The Johnsons had exclusive responsibility for taking and processing customer payments, including
credit card payments.
Sun & Chang closed for business in early 2020. The company filed a voluntary dissolution
with the Indiana Secretary of State on May 4, 2020. In 2017, the company’s gross sales were $272,323;
in 2018, its gross sales were $289,241; and in 2019, its gross sales were $316,544. According to Mr.
Chang, when the business closed, Sun & Chang’s sales in 2020 were below its sales in 2017 through
2019. Sun & Chang never had an annual gross volume of sales near $500,000. The company’s 1099K form for 2019 showed a gross amount of payment by card or third-party network transactions of
$328,502.48, whereas the 2019 tax return showed gross sales of $316,544 for that year.
On March 20, 2020, the Johnsons sued Sun & Chang for violating federal and state wage laws.
They asserted federal question jurisdiction. Sun & Chang filed several counterclaims against the
Johnsons. Counterclaims for defamation, conversion, unjust enrichment, and breach of fiduciary duty
remain today after the court’s prior ruling on the motion to dismiss [ECF 30].

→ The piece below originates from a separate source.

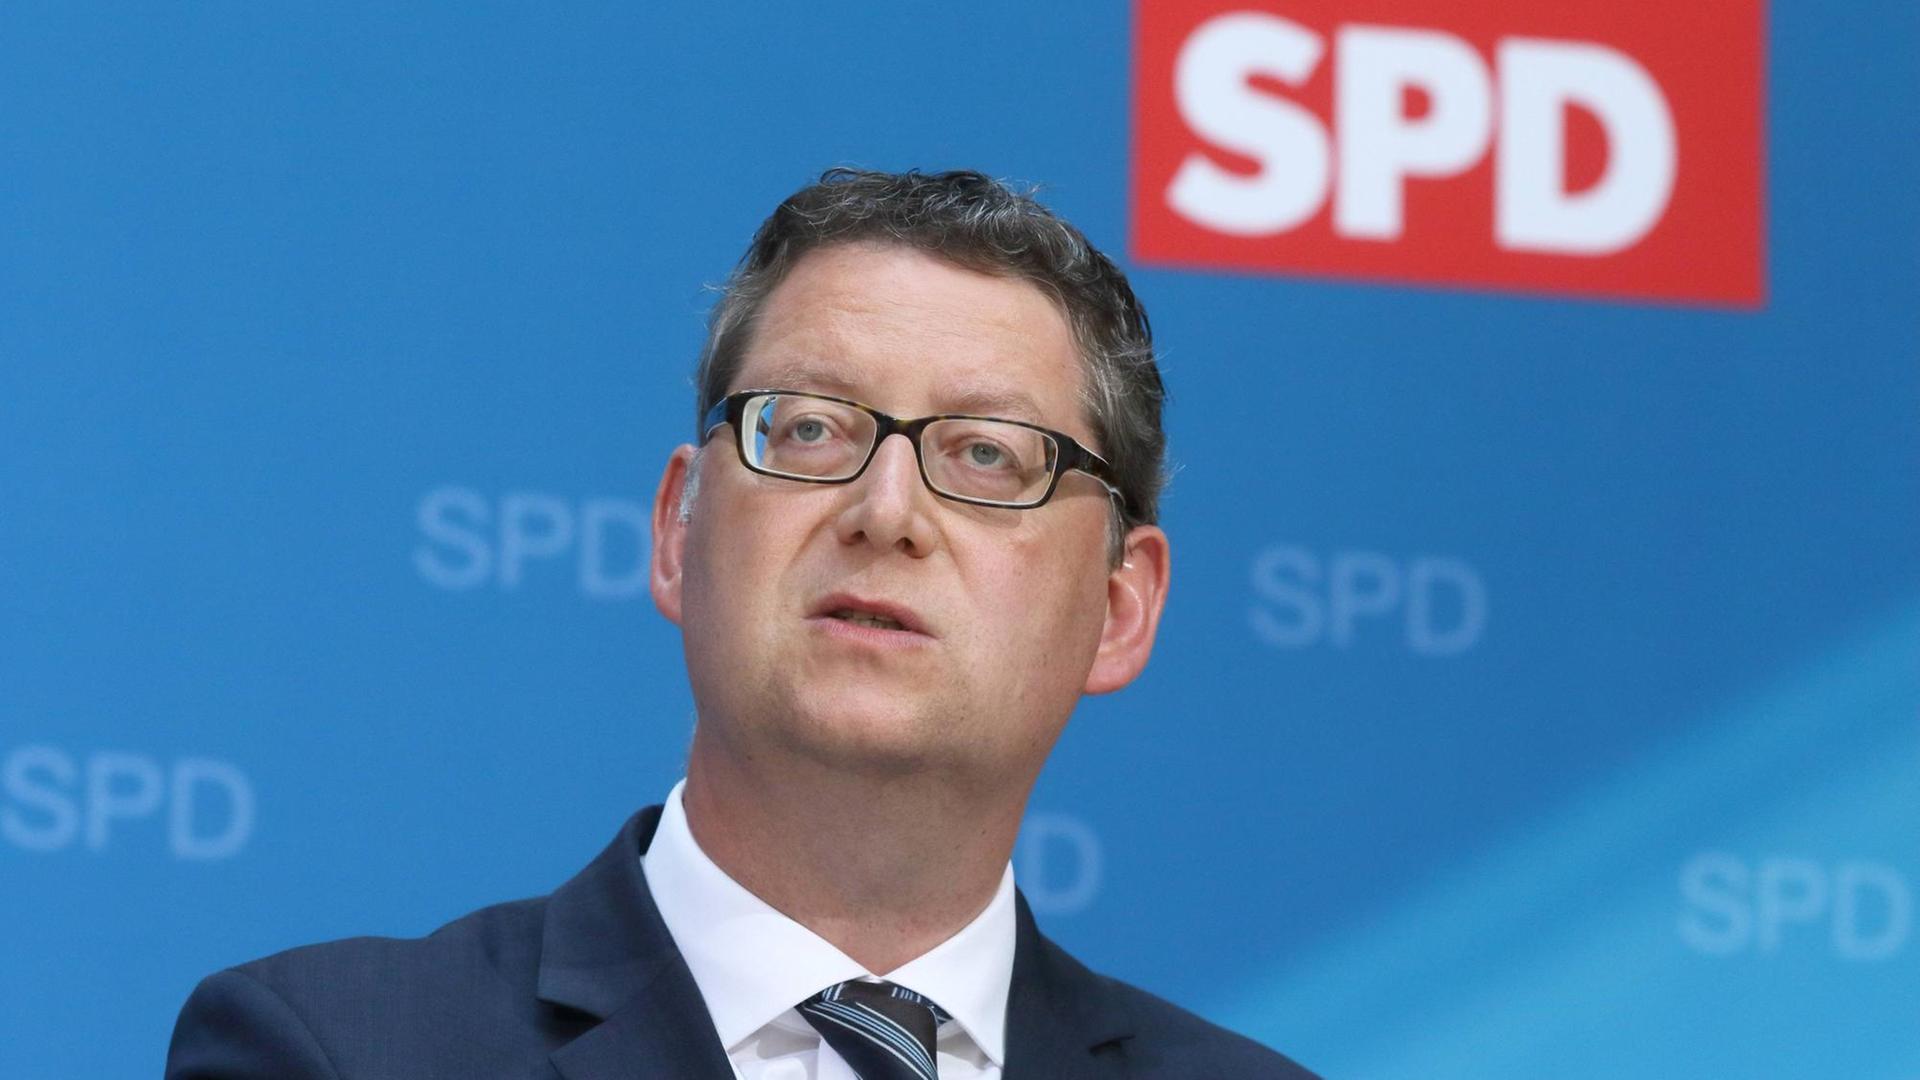 Thorsten Schäfer-Gümbel (Stellvertretender Parteivorsitzender, SPD) bei der Vorstellung des SPD-Steuerkonzepts zur Bundestagswahl 2017 anlässlich einer Pressekonferenz im Atrium des Willy-Brandt-Hauses am 19.06.2017 in Berlin.

Several motions now pend. The Johnsons filed a motion to amend their complaint to add
Kuang N. Chang and Yuh-Rong Sun as individual defendants [ECF 31]. The Johnsons moved for an
extension of discovery in light of the pending motion to amend [ECF 39], and Sun & Chang requested
oral argument on the motion to amend [ECF 37]. Sun & Chang moved for partial summary judgment
as to all of the Johnsons’ claims [ECF 41]. These motions are now ripe.
STANDARD
Summary judgment is warranted when “the movant shows that there is no genuine dispute as
to any material fact and the movant is entitled to judgment as a matter of law.” Fed. R. Civ. P. 56(a).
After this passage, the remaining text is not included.